If, in accordance with a medical report, an employee needs a temporary transfer to another job for a period of more than four months or a permanent transfer, if he refuses to transfer or if the employer does not have the appropriate job, the employment contract is terminated on the grounds of paragraph 8 of part 1 of Art. 77 of the Labor Code of the Russian Federation.

In the event of termination of the TD under the specified paragraph of Article 77 of the Labor Code of the Russian Federation, the employee will be paid a severance pay in the amount of two weeks average earnings of Article 178 of the Labor Code of the Russian Federation.

The termination of the employment contract in this case is aimed at protecting the health of the employee and does not violate his rights (Determination of the Constitutional Court of the Russian Federation of July 14, 2011 N 887-О-О).

The employer is obliged to ensure Article 212 of the Labor Code of the Russian Federation:

Prevention of employees from performing their labor duties without undergoing mandatory medical examinations, mandatory psychiatric examinations, as well as in case of medical contraindications.

The employer is obliged to remove from work (not allow to work) the employee, Article 76 of the Labor Code of the Russian Federation:

If, in accordance with a medical report issued in accordance with the procedure established by federal laws and other regulatory legal acts of the Russian Federation, contraindications are revealed for the employee to perform work stipulated by an employment contract.

During the period of suspension from work, wages are not accrued to the employee, with the exception of cases provided for by the Labor Code of the Russian Federation, other federal laws, a collective agreement, agreements, and an employment contract.

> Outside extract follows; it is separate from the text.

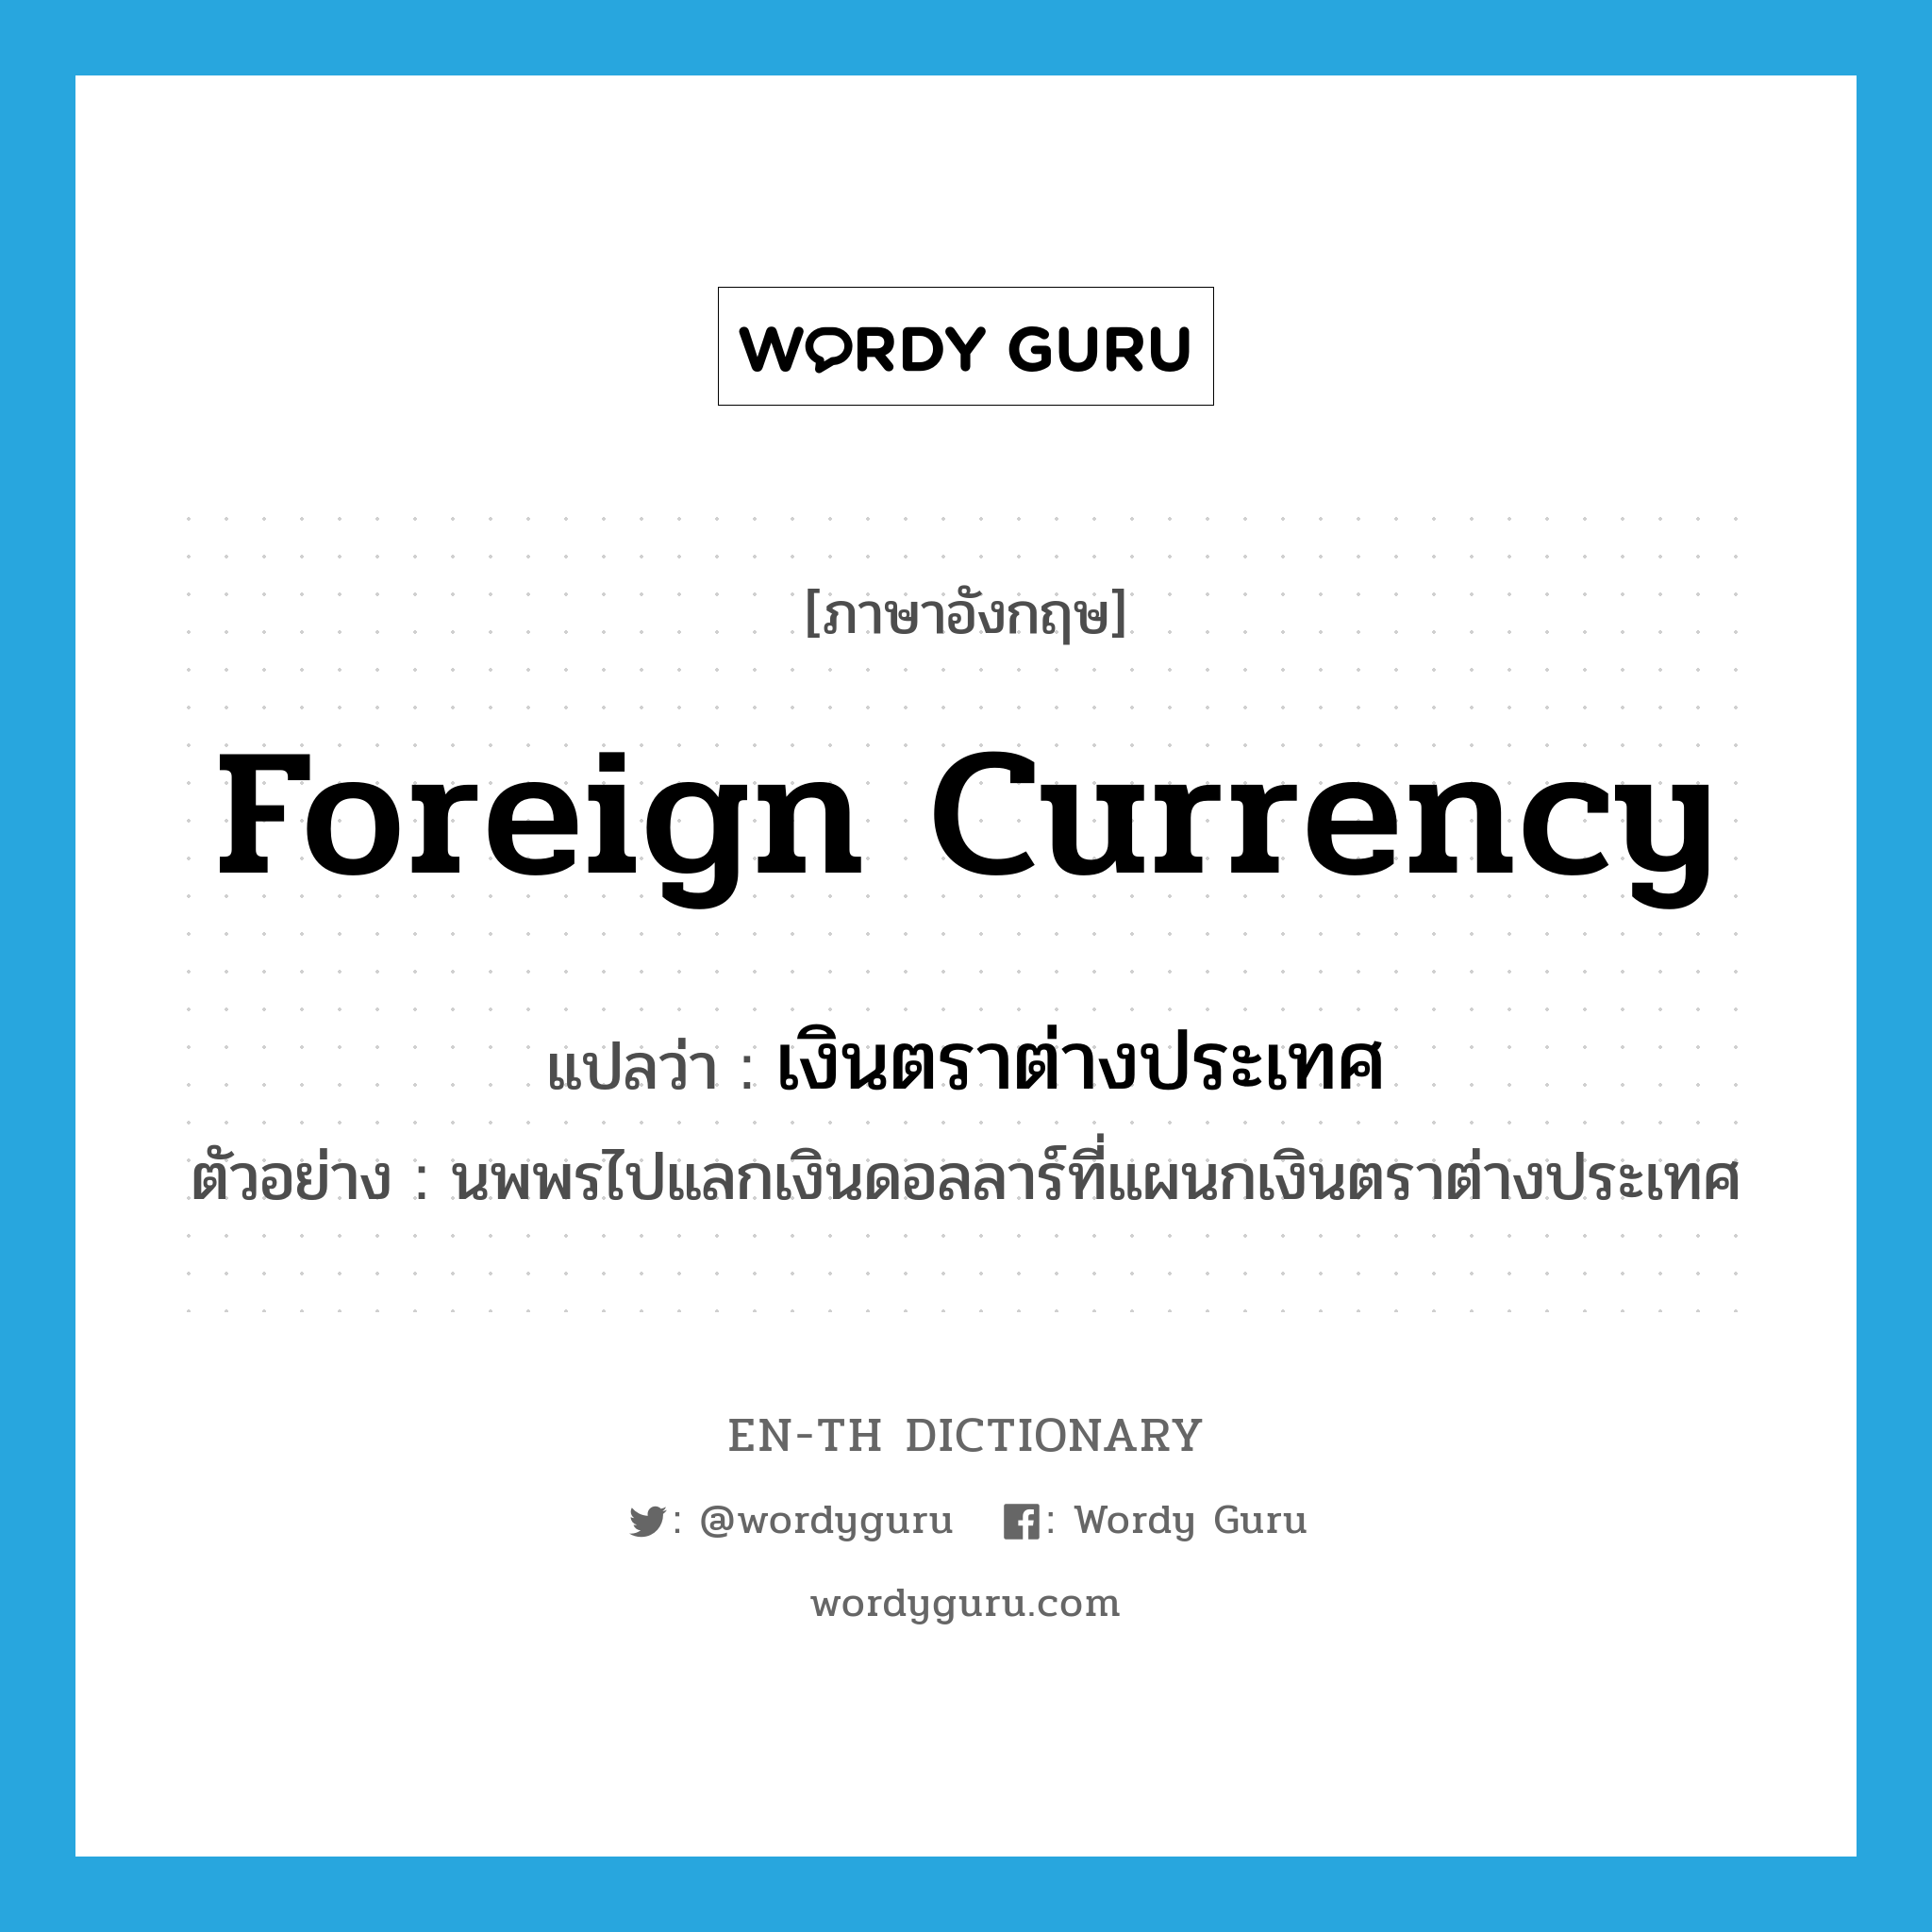 foreign currency แปลว่า?, คำศัพท์ภาษาอังกฤษ foreign currency แปลว่า เงินตราต่างประเทศ ประเภท N ตัวอย่าง นพพรไปแลกเงินดอลลาร์ที่แผนกเงินตราต่างประเทศ หมวด N

1. Study the document- a certificate is one thing, but in accordance with p. 73 of the Labor Code of the Russian Federation there must be a medical report.

Order of the Ministry of Health and Social Development of Russia dated May 2, 2012 N 441n approved the procedure for issuing certificates and medical reports by medical organizations.

2. Only, I see, you have a weak "link", so to speak, the fact that his medical report does not indicate recommendations or contraindications are not specified.

If contraindications are not indicated in the medical report, then you cannot draw conclusions yourself that you do not have a job for him, for which you can offer him and transfer him to this job if he agrees to this transfer.

So you need to make a request to the medical institution that issued this document so that they clarify the requirements for the work that they must provide, or list contraindications.

3. With an employee, if he is in conflict, switch to official communication, i.e. written communication.

4. If the employee was issued a medical certificate, but contraindications are not specified in it, then in accordance with Article 76, 212 of the Labor Code of the Russian Federation, issue a suspension from work, this period is not paid (order). And indicate in the order that after clarifying the contraindications and recommendations by the medical institution, either transfer options will be offered, or a notification will be issued that the relevant work is not available.

And in the order to write that the employee has the right to contact the medical institution himself to clarify these issues, if he is interested in his situation being resolved faster.

Those. either you make a request, or he will make it himself, so that it is faster, give him the right to choose.

And familiarize him with a signature with a document stating that you are making a request to a medical institution to clarify contraindications and recommendations for the proposed work, due to the fact that the medical report does not contain this data.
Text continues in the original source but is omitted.